He is a graduate of Columbia College of Columbia University and Harvard Law school, where he was the President of Harvard Law Review. He worked as a community organiser and and practised as a civil rights attorney before serving three terms in the Illinois senate from 1997 to 2004. He taught constitutional law at the University of Chicago Law School from 1992 to 2004. Following an unsuccessful bid for a seat in the U.S House of Representatives in 2000, he announced his campaign for the U.S. Senate in January 2003, won a primary victory in March 2004, and was elected to the Senate in November 2004. Obama delivered the keynote address at the Democratic National Convention in July 2004. As a member of the Democratic minority in the 109th Congress, he helped create legislation to control conventional weapons and to promote greater public accountability in the use of federal funds. He also made official trips to Eastern Europe, the Middle East, and Africa. 

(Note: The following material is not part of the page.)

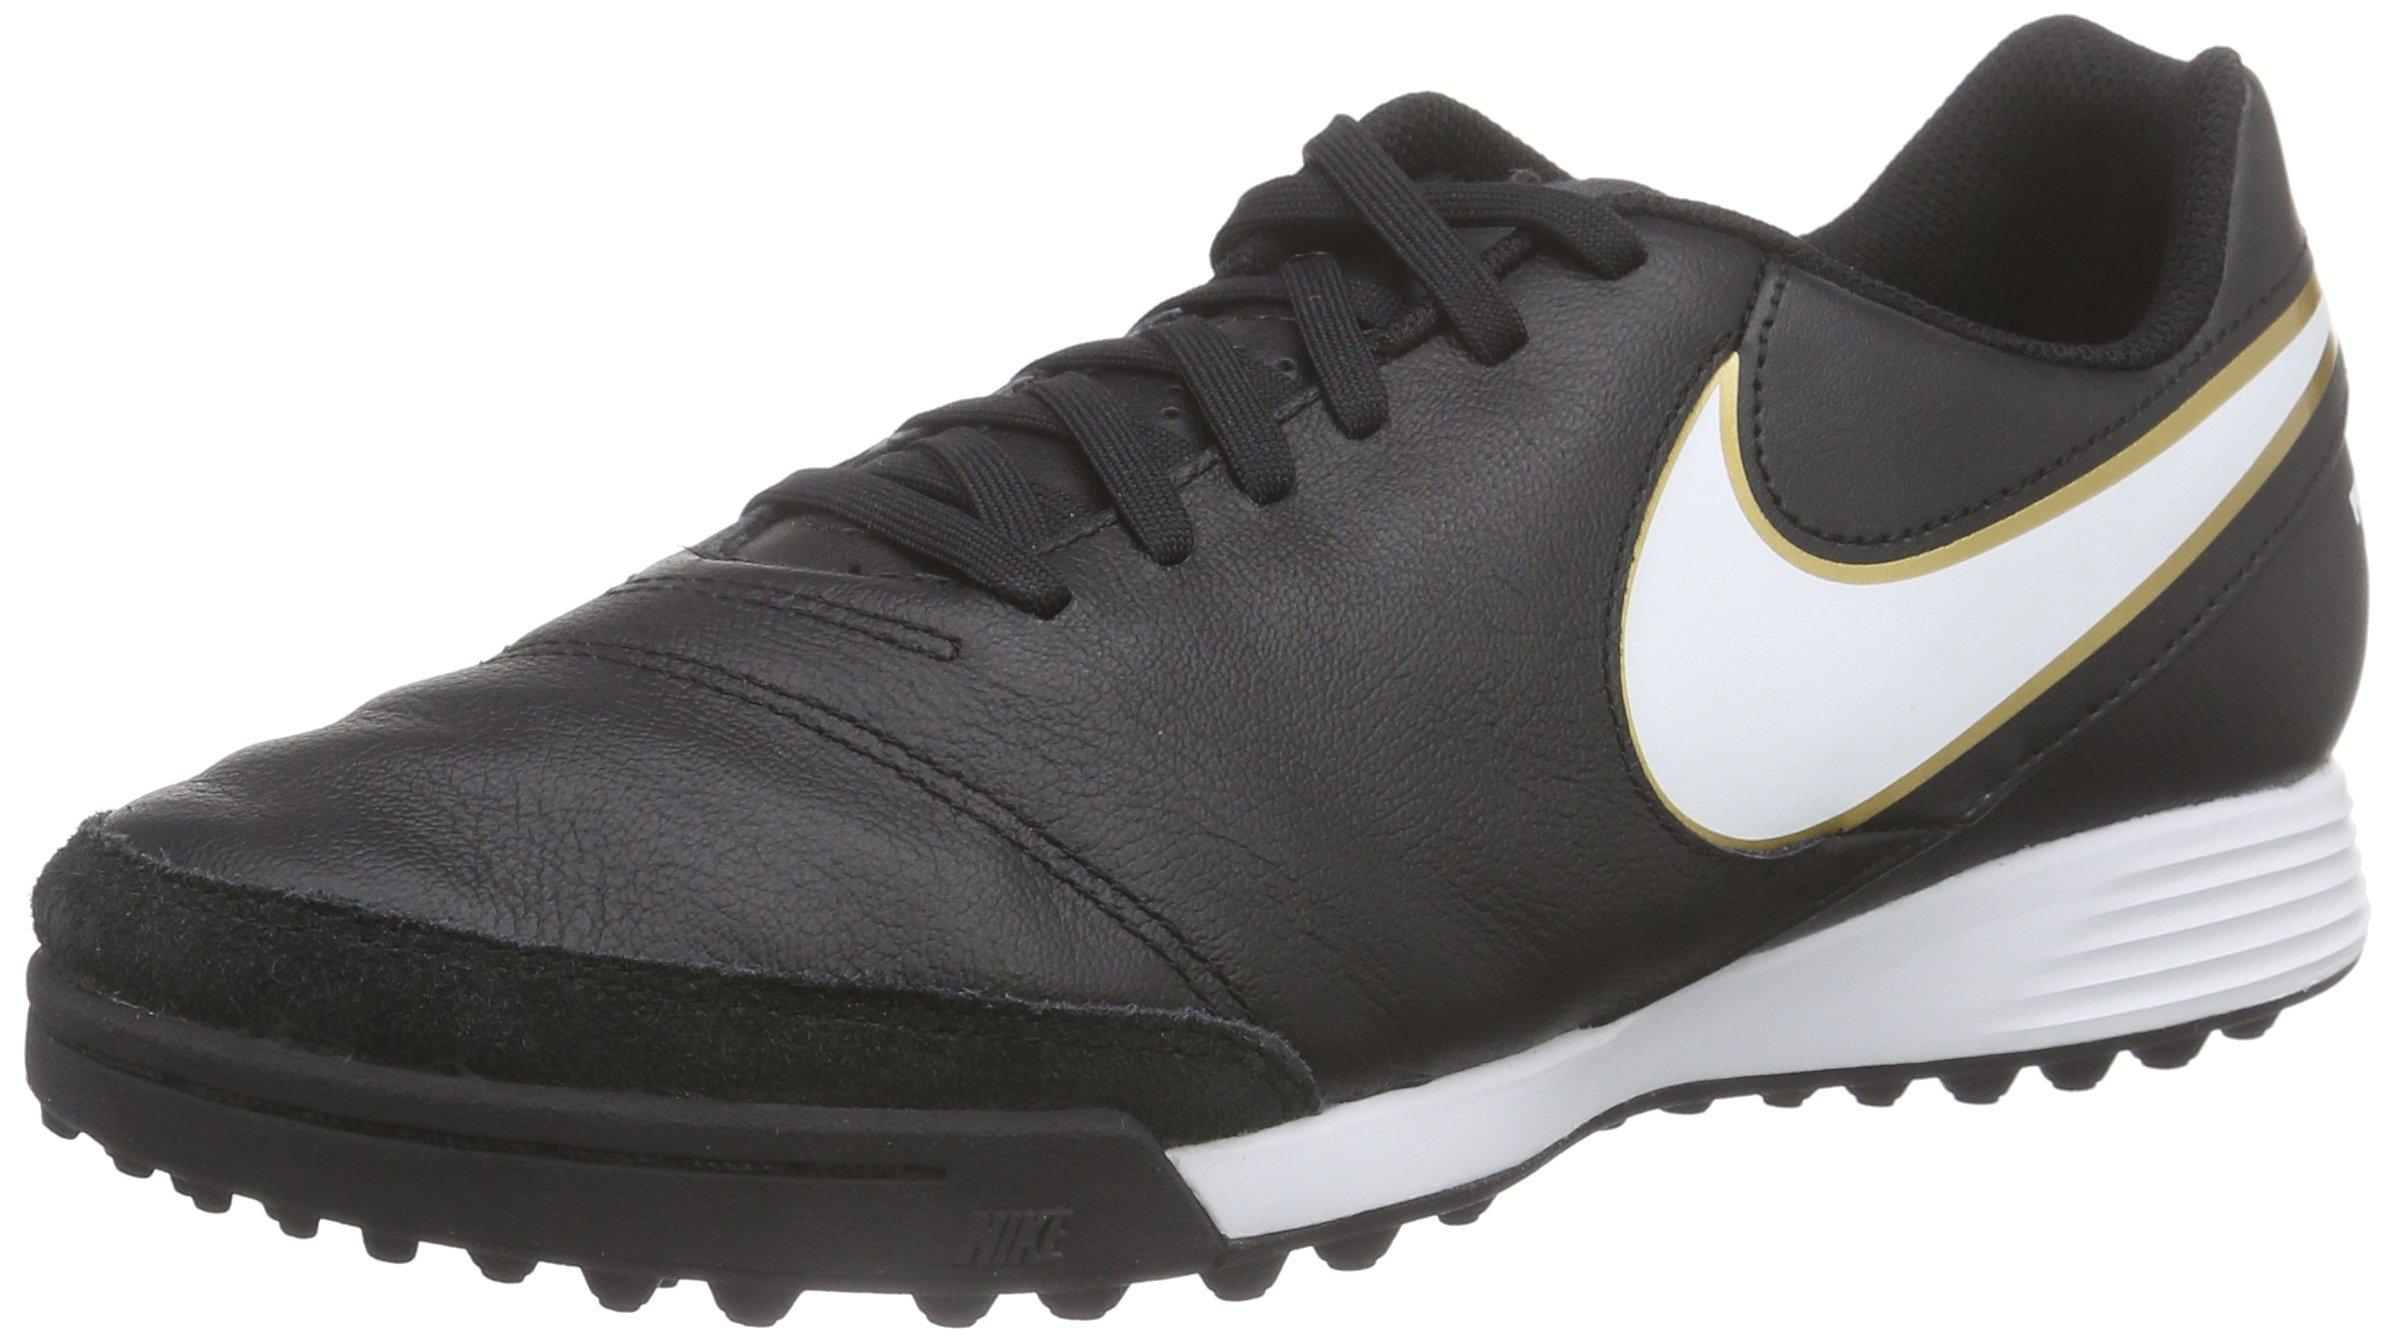 HommeNoirblack De Nike white Gold47 Eu metallic TfChaussures Genio Ii Tiempo Football nOk8PX0w

During the 110th Congress, he helped create legislation regarding lobbying and electoral fraud, climate change, nuclear terrorism, and care for returned U.S. military personnel. On February 10, 2007, he announced his candidacy for President of the United States, and on June 3, 2008, he was named the presumptive nominee of the Democratic Party after a 17-month-long primary campaign. He became the President-elect after defeating Republican presidential candidate John McCain in the general election on November 4, 2008, and is due to be sworn in as the President of the United States on January 20, 2009. OBAMA TOURS THE WHITE HOUSE Despite their sharp political differences, it was a warm and strikingly symbolic moment as the 43rd US President George Bush greeted the man who will be the 44th. The rite of passage sets in motion US President-elect Obama’s historic transition to power in 70 days as the first African-American inhabitants in the slave-built White House. As President-elect Obama shook hands with Mr Bush, soon-to-be first lady Michelle Obama leaned in and gave First Lady Laura Bush a kiss on the cheek before touring her new home.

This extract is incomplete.